Onstage, Rob Crow, turquoise and white Fender in one hand, a bottle of Newcastle in the other, took a swig and smiled at the crowd that apparently got a simple concert-going uniform memo: most wore jeans, a black t-shirt and a jaunty hat tilted to the side.

Rob keeps up a running commentary to the calls and queries of the crowd. “Ahh yes, we plant someone in the crowd at every show and have them shout ‘Play Skynyrd,’” he says after someone calls out…you get the idea.

When heard on the album, the songs are catchy, with good hooks and a steady insistent beat that makes it excellent background music, the kind of thing that gets played in the “sad” montage sequences in romantic comedies right before everything gets solved.

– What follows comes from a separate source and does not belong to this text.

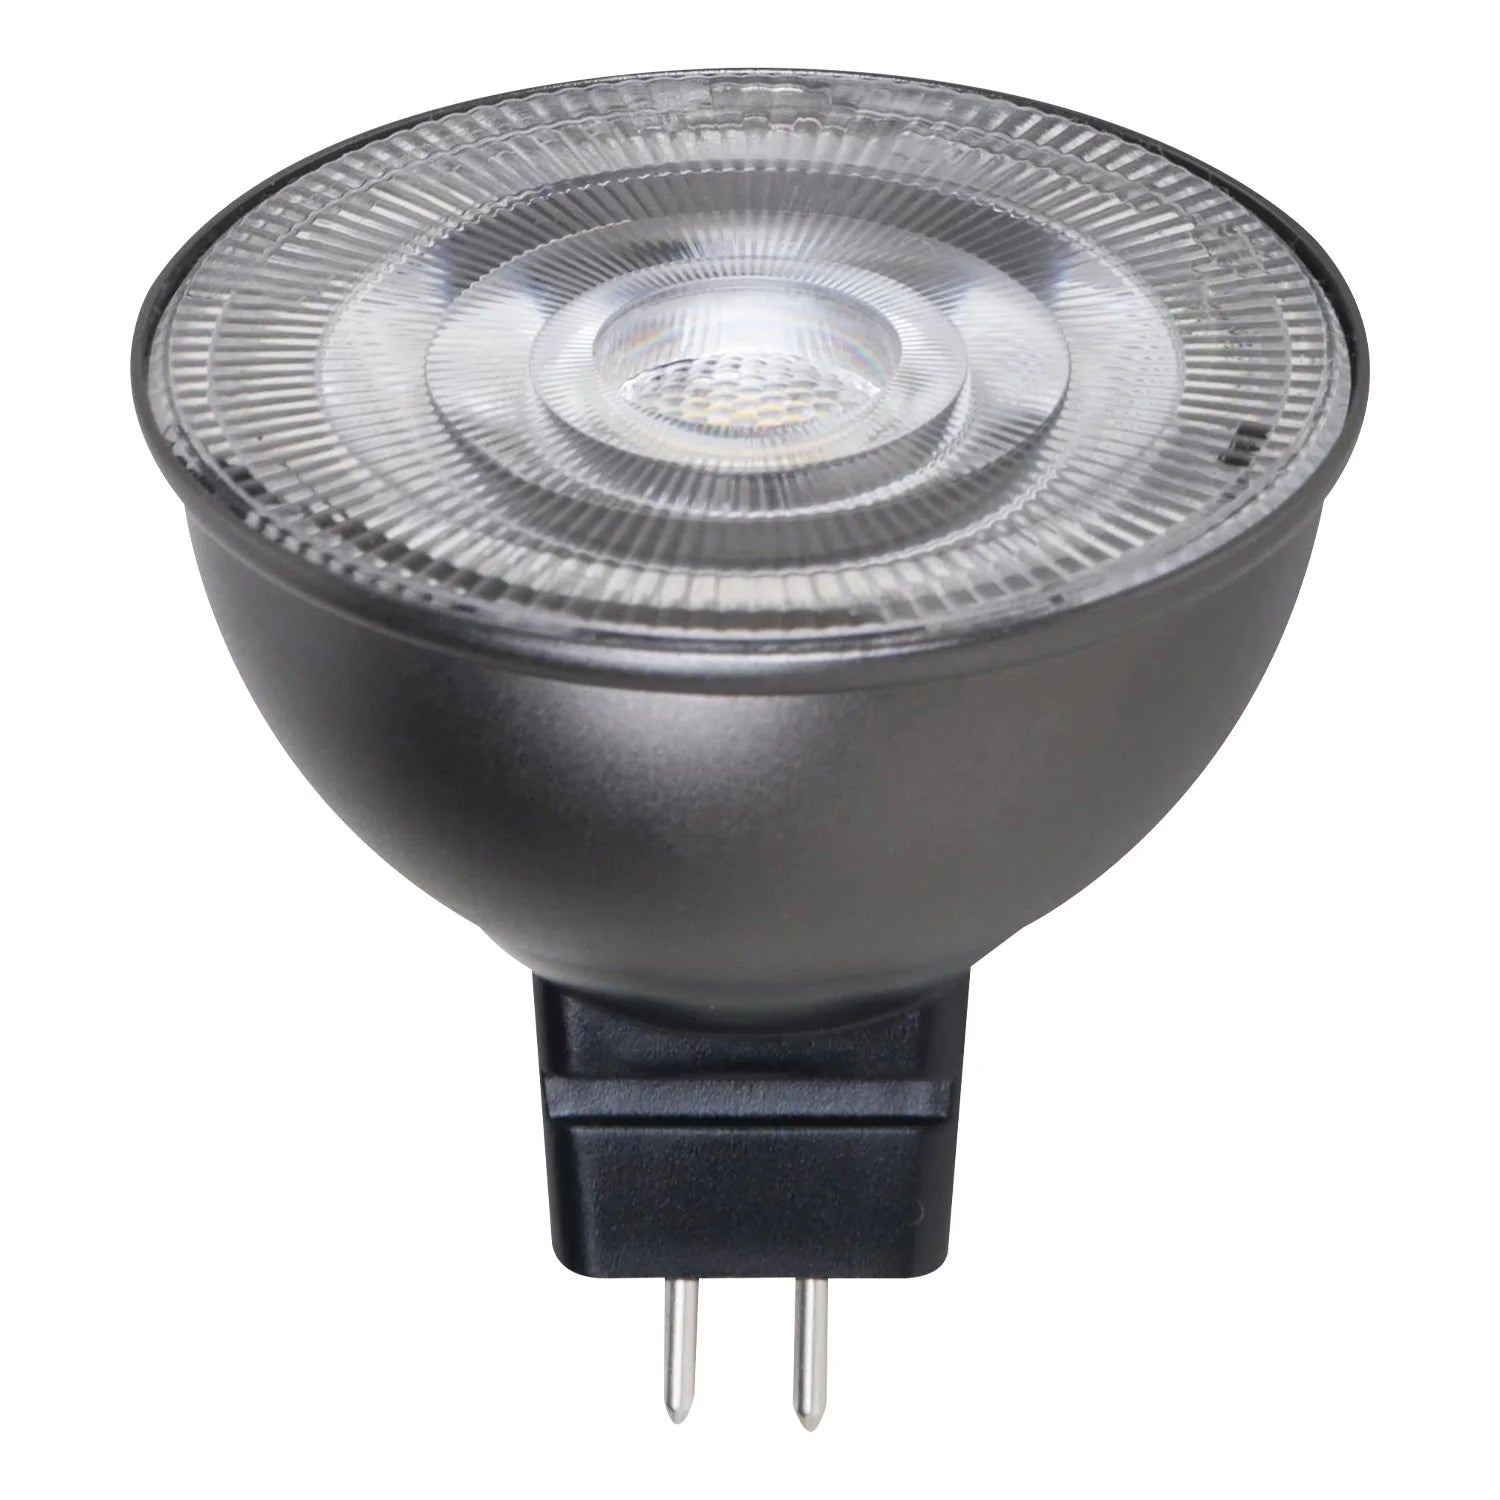 LED 7watt MR16 3000K warm white 40° flood light bulb low voltage dimmable

Hearing this music live, though, is a revelation.

The band is tight, and the lack of electronic trappings allows the skill of the musicians and the striking beauty of the singers’ voices to be heard, and particularly Crow’s.

The band is together and has energy and a wonderful vibe that easily went into the crowd, leading even the lone plaid-shirted Dockers-wearing guy in the audience to nod his head in time to the music. --Dianna Wray

Personal Bias: I think I’ve just become a fan of this group. A big fan. So I might be a little biased when I say they were amazing. They were amazing.

Random note: At the beginning of the show, there were two dollars in a coffee pot donation holder for the band's former keyboardist, Terrin Durfey, who is battling cancer. By the end it was stuffed with dollar bills.

By the Way: Rob Crow’s microphone had a beer holder on it.